The Nikkei 225 Index jumped 1.4% to close at 35,963 while the broader Topix Index gained 0.72% to 2,510 on Friday, with Japanese shares snapping a three-day decline as easing inflationary pressures in the country reinforced a dovish outlook on Bank of Japan monetary policy. Data showed that Japan’s headline inflation rate fell to a 17-month low of 2.6% in December from 2.8% in November, while the core inflation print dropped to an 18-month low of 2.3%. Investors now look ahead to the central bank’s policy decision next week. Japanese shares also tracked gains on Wall Street overnight as strong corporate earnings powered US technology stocks higher. Technology stocks led the advance, with strong gains from Tokyo Electron (6%), Advantest (8.2%), Disco Corp (3.8%), Renesas Electronics (7.6%) and SoftBank Group (1.3%). The Nikkei and Topix indexes finished the week 1.08% and 0.63% higher, respectively.
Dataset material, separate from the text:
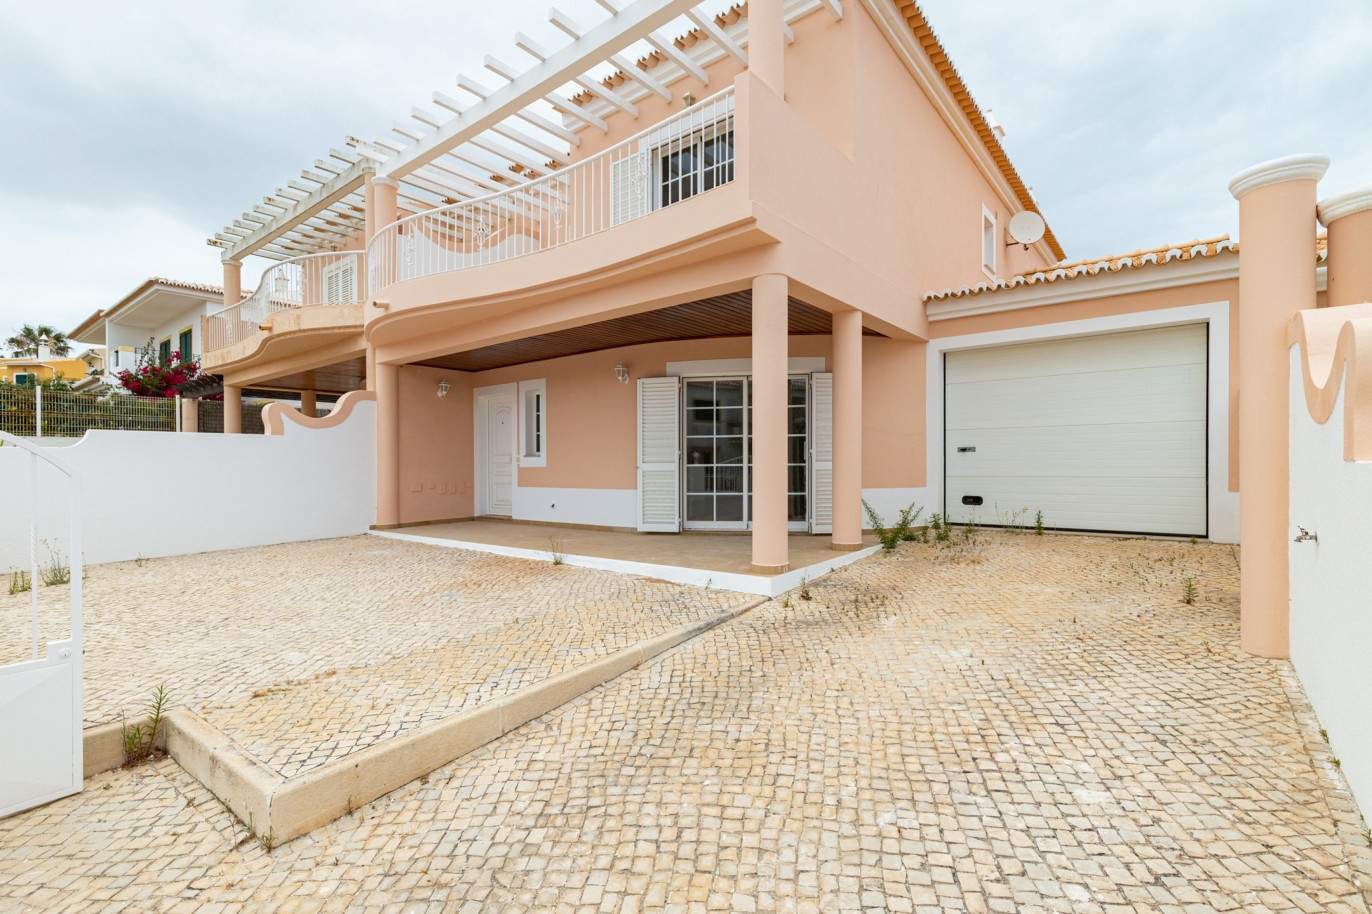 Villa de 3 dormitorios en venta en Porto de Mós, Lagos, Algarve_201762

The Shanghai Composite fell 0.47% to close at 2,832 while the Shenzhen Component lost 0.68% to 8,787 on Friday, with mainland stocks failing to build on gains from the previous session as investors waited for signs of fresh stimulus measures from Beijing. Earlier this week, data showed that China’s economy grew 5.2% year-on-year in the fourth quarter, missing forecasts for a 5.3% expansion. Markets are betting that the country’s deflationary environment and shaky economic recovery will force authorities to implement more policy support measures this year. Notable losses were seen from heavyweight firms such as Longi Green Energy (-3.1%), Eoptolink Technology (-2.9%), iSoftStone (-9.3%), Shanghai Dragon (-6.3%) and Ja Solar(-2.1%). The Shanghai and Shenzhen indexes finished the week 1.72% and 2.33% lower, respectively.